25. When is it time to give up? #LifeWideLearning16@bhwilkoff
— Zac Chase (@MrChase) January 25, 2016
As much as I try and avoid it, I yell at my kids.
Conversations about getting shoes on, brushing hair, or turning off the computer all start out very civil. I will make the logical case for doing those things and I will receive a litany of reasons and delay tactics for not doing them. I will remain calm, I tell myself, even in the face of such insurmountable sassiness or defiance. I will use my kindness and my words, just as I implore the children to do when they are angry. Even still, just five minutes later, I feel myself boiling over and raising my voice. I need this done NOW, and it becomes a struggle about the father/child relationship rather than just getting out the door. I, as the father, will win this argument.
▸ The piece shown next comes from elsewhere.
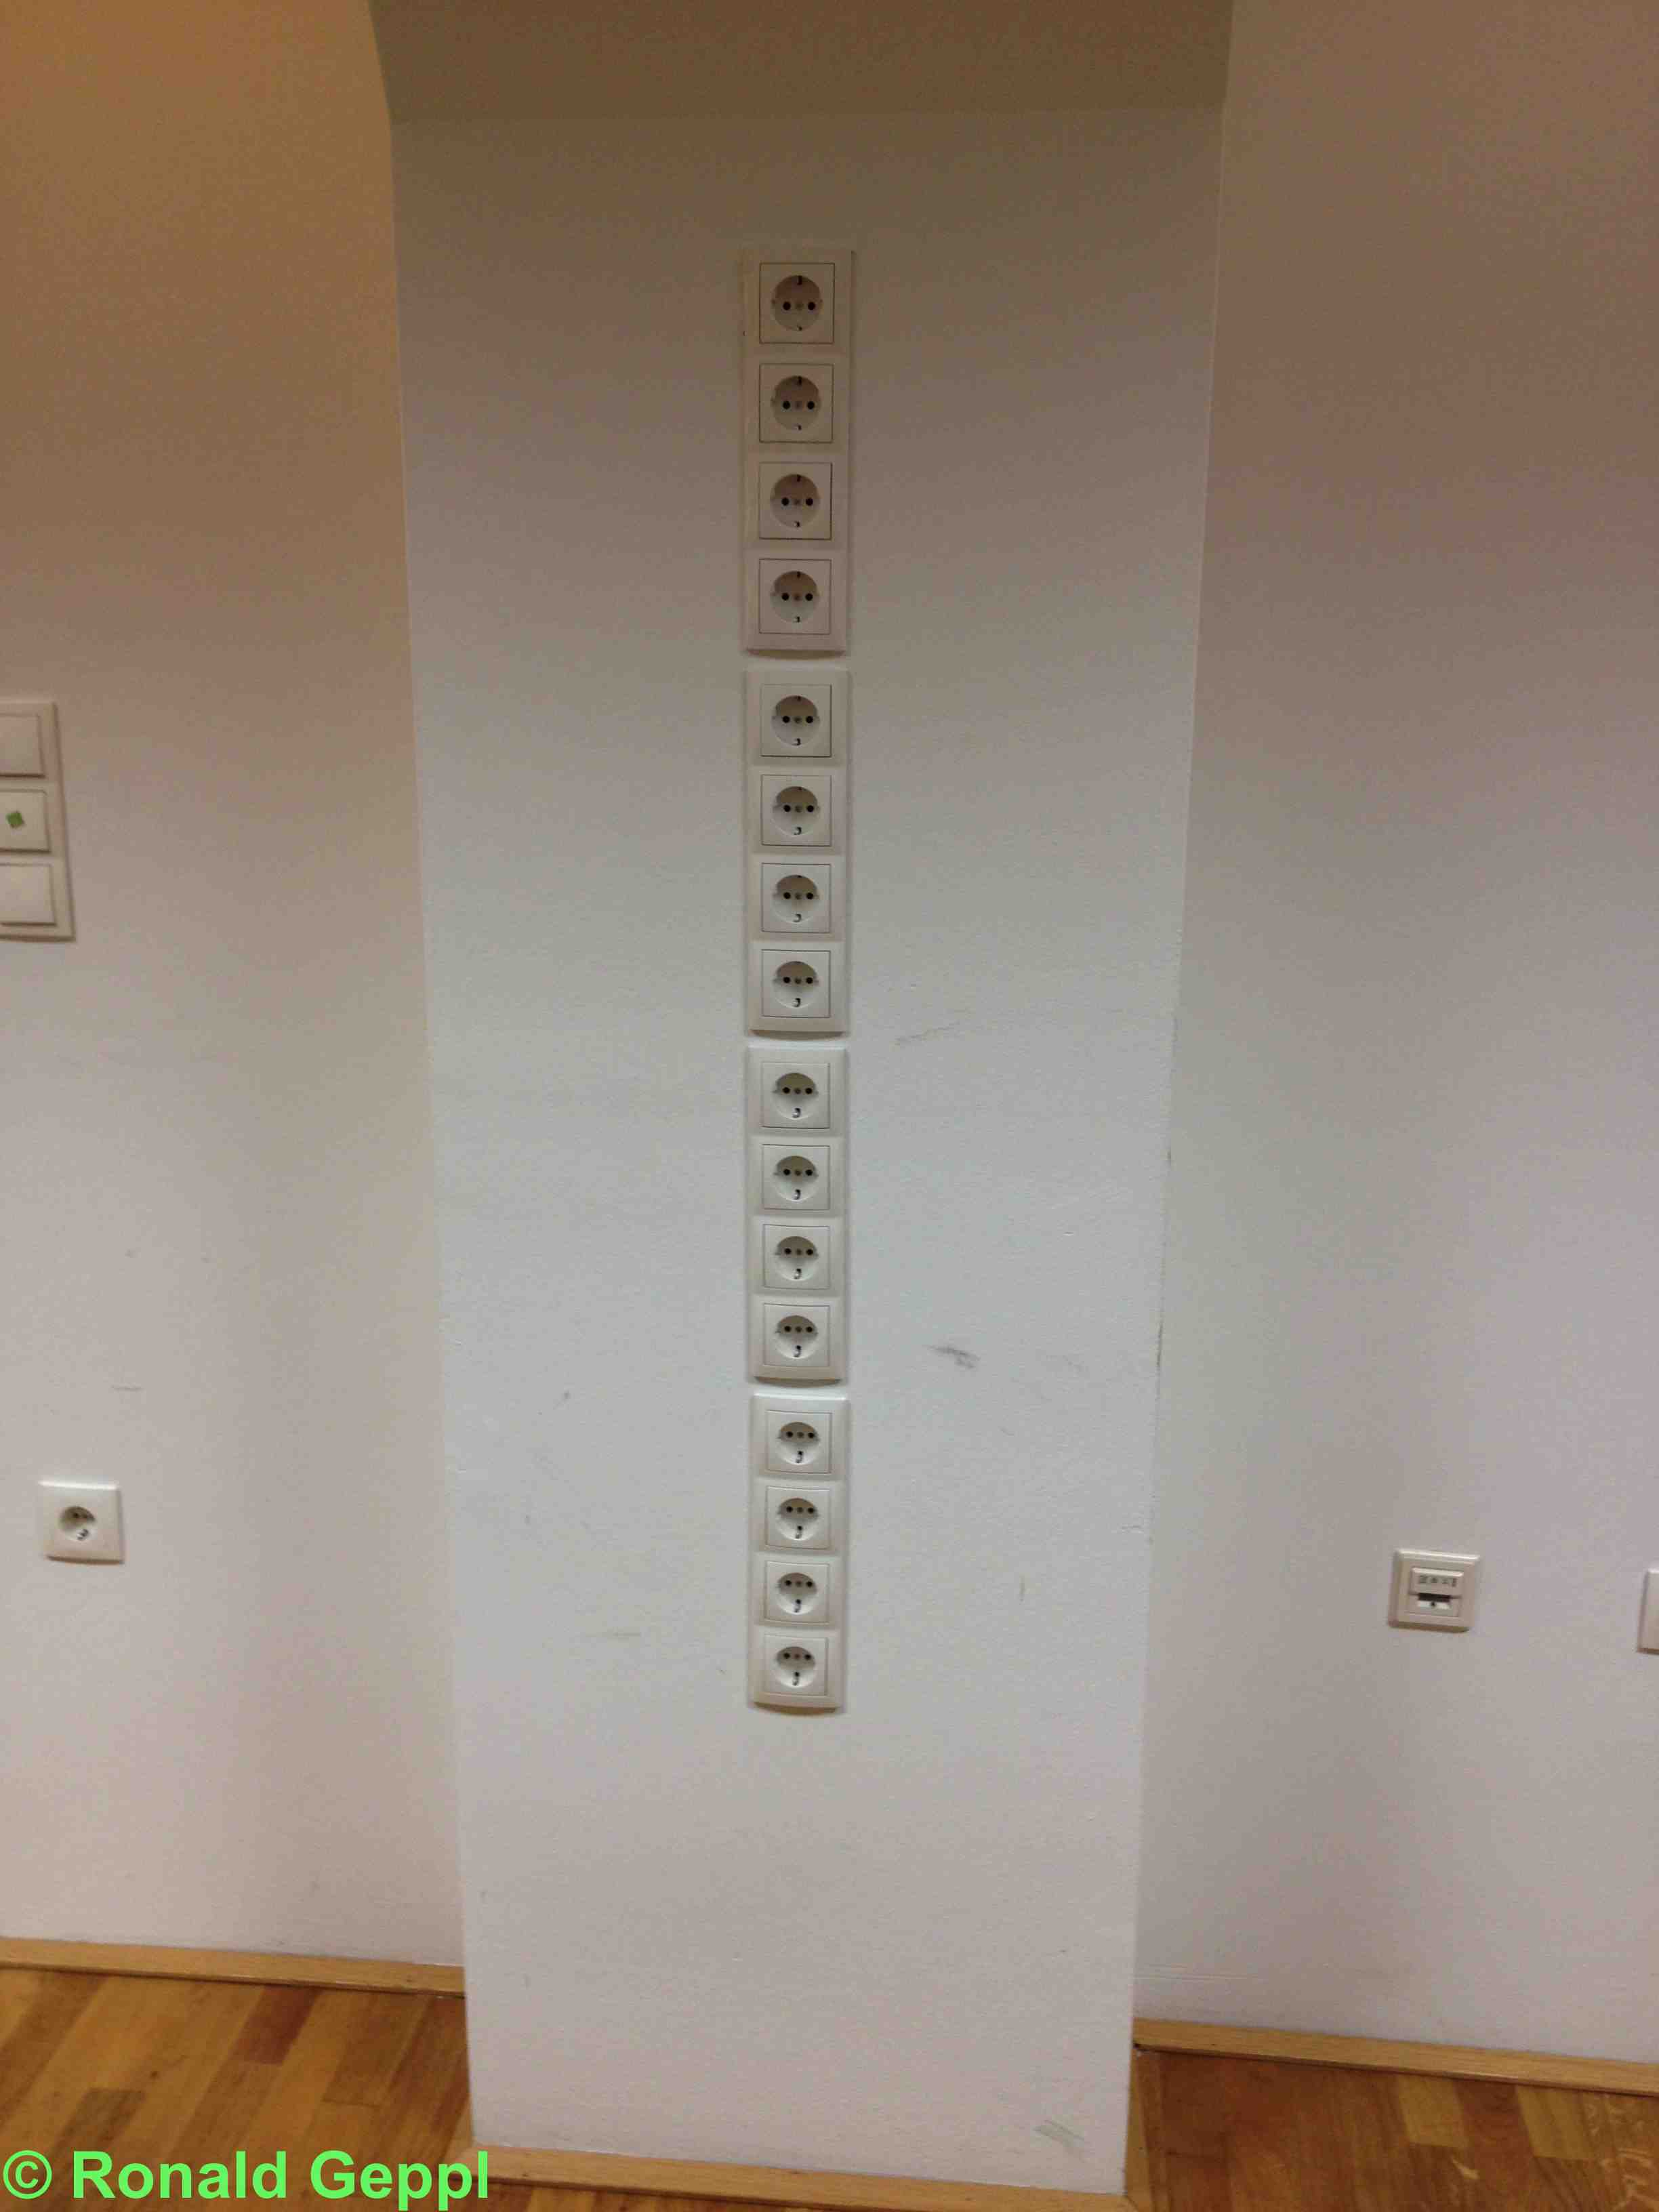 Eine Reihe von Steckdosen

I will make them do the thing. I will be stronger and more stubborn. And, it is awful. As it turns out, no one wins because I am fighting with those I love most about things that don’t matter.
And that is when it is time to give up.
When the stakes are so high that continuing to push for the thing that you want means hurting the relationship. When preserving the power dynamic is all that matters and the individual task or responsibility is lost. When mean words and crying become the currency of the situation and logic is no longer in play. You must walk away and give up on “winning.”
It does not make you weak and it does not set the wrong precedent. Giving up when you are making things worse means that you can remain your whole self. You are still capable of empathy, and you can still learn from your choices. When you “go nuclear”, you no longer see a person on the other side. You see only the argument.
Enemies do not exist within my family. They do not exist within my working life either. Even for as much as I would like to construct easily understood sides of each issue that I am fighting for, I can only put caricatures across from me if I want to maintain a true dichotomy. I am never so right and they are never so wrong that I should destroy the relationship with a few acidic emails.
Giving up means not having “the meeting after the meeting” where you tell folks what you really think. Giving up means dismantling the fortress you have built around yourself to ward off any attacks from others. Giving up means looking critically at your own work and admitting that it isn’t perfect. Giving up means creating partnerships with others in the face of difficult problems and not going it alone as a martyr.
When you give up, you aren’t conceding the point or giving in to someone else. When you give up, you are letting go of your own preconceived notions and plans. You are giving room for others.
It is it time to give up when you can stop being selfish.